WHAT TO PRODUCE:
In the entries that follow, how many lines contain "Moto"? Please reply with only the number.

[Dataset records]
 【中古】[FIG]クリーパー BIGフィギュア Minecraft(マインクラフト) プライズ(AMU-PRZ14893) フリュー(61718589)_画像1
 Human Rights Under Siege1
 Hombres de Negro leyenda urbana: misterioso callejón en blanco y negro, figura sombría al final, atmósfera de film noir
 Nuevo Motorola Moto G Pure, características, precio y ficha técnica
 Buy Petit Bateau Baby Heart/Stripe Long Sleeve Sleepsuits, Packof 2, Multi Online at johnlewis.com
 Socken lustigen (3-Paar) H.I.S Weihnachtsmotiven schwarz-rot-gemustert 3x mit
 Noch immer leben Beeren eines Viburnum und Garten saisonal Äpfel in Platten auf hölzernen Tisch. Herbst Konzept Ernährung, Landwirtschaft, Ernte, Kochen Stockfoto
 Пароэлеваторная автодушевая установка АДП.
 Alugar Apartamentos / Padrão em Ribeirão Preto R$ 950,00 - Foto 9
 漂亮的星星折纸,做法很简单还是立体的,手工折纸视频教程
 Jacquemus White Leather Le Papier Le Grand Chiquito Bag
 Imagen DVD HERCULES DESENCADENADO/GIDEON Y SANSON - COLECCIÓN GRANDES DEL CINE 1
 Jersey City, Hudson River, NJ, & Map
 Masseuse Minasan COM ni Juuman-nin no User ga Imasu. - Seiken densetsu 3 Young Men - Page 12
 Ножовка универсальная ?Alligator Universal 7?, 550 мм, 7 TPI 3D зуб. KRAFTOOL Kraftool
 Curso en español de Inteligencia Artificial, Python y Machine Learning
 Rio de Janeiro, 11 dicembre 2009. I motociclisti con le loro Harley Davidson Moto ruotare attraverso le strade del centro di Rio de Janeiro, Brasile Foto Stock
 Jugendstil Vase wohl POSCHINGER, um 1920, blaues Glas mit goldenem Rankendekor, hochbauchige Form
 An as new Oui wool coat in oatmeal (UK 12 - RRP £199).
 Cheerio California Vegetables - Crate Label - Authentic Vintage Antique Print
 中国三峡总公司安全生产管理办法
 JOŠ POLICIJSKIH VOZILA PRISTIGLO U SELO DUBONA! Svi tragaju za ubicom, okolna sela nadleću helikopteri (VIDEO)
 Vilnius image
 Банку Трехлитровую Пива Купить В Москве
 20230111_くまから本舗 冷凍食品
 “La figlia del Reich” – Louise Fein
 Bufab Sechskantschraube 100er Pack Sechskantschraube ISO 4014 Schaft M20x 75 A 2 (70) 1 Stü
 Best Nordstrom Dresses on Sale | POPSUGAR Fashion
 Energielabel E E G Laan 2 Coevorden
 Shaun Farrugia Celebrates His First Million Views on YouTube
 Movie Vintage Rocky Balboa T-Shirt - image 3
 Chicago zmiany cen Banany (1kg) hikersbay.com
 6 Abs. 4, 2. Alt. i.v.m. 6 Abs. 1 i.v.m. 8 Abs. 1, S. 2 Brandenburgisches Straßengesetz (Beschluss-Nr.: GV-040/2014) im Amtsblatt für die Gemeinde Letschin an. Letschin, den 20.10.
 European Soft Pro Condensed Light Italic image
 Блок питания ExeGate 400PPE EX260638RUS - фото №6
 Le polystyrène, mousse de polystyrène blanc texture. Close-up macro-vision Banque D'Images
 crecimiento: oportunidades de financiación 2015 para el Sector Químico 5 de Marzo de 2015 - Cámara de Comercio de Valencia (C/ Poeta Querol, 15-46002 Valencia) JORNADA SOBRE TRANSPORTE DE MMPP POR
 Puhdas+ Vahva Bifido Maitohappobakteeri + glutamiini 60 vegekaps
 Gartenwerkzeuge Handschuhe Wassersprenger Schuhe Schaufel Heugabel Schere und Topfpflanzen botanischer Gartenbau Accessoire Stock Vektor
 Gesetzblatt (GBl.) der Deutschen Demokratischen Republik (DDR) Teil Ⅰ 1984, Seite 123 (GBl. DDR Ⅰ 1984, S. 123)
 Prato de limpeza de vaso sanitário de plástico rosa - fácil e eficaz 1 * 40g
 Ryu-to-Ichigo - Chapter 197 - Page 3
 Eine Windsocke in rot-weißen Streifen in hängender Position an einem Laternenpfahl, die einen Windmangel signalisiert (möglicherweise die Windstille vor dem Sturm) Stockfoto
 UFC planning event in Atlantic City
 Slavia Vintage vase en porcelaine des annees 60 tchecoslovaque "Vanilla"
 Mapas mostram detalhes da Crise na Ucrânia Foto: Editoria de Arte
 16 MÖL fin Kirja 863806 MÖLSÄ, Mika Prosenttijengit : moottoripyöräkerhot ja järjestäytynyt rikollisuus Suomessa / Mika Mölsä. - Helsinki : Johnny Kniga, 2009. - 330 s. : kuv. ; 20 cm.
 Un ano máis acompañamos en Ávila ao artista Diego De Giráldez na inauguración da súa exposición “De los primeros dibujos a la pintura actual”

FINISHED EXERCISE:
2